INTERVIEW

Claude : "Le texte et la chanson aident à dédramatiser des angoisses."

Publié le

17 juin 2025

Inspiré par l’imaginaire et l’écriture des auteur(e)s Fernando Pessoa ou Virginie Despentes, Claude s’inscrit dans la verve des artistes aux textes porteurs et ancrés dans l’époque. Dans son premier album IN EXTREMIS, pensé avec Alexis Delong, il y raconte des situations non résolues, mêlées d’intime, d’angoisses ou de questionnements, et plongées dans une rythmique dansante et percutante. Après sa prestation sur la scène de We Love Green, l’artiste s’est confié sur ce moment intense, la construction 2.0 de sa culture musicale et les projets artistiques qui l’inspirent.

Claude ©Léa Costa

Comment avez-vous ressenti le public sur la scène de We Love Green ?
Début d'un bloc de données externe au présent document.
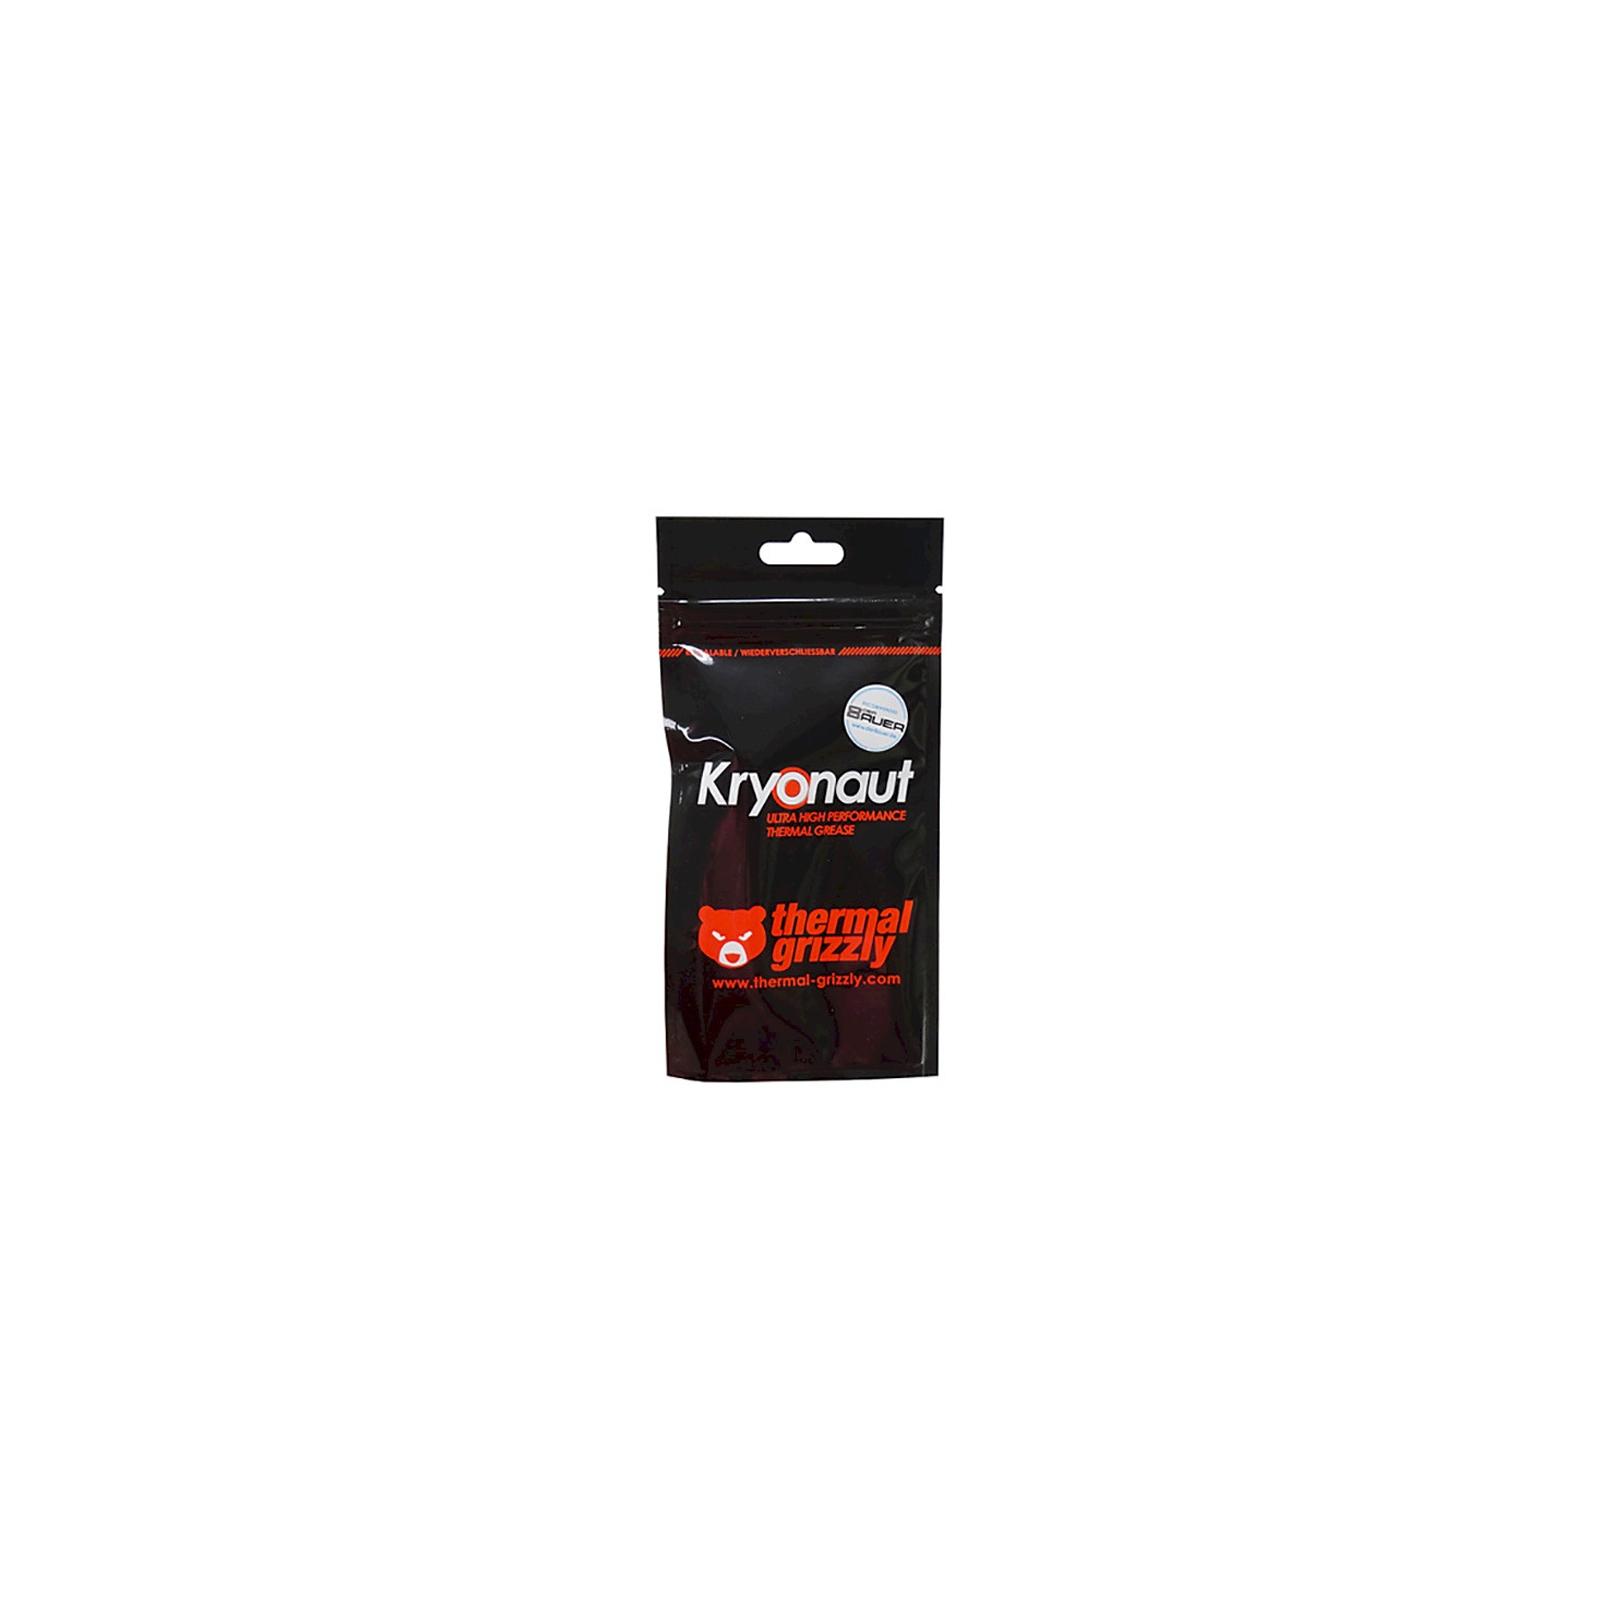 Термопаста Thermal Grizzly Kryonaut 1g (TG-K-001-RS) изображение 3

C’était cool ! [Rires] C’est le début de la saison des dates de l’été et je n’ai pas trop l’habitude des shows où les gens peuvent aller voir cinq concerts, donc avant qu’on monte sur scène, il y a une cinquantaine de personnes et quand on arrive, il y a, d’un coup, des gens à perte de vue ! Il faut vite se mettre dedans, c’est beaucoup de stress sur les premières minutes, puis comme les gens sont adorables et dynamiques, ça devient un plaisir.

Qu’est-ce que représente ce festival pour vous ?

J’étais choqué d’être programmé à We Love Green cette année, parce que, pour moi, c’est le max absolu du festival parisien. J’étais stressé mais très heureux d’être ici ! Leur programmation est formidable, rien qu’aujourd’hui, il y a FKA Twigs, Beach House, The Dare… J’ai trop hâte d’aller écouter tout le monde !

Vous performez avec votre premier album IN EXTREMIS. Avec ce titre, il y a cette idée du "tout dernier moment", et vous en parlez sur un post Instagram, qu’est-ce que ça évoque pour vous ?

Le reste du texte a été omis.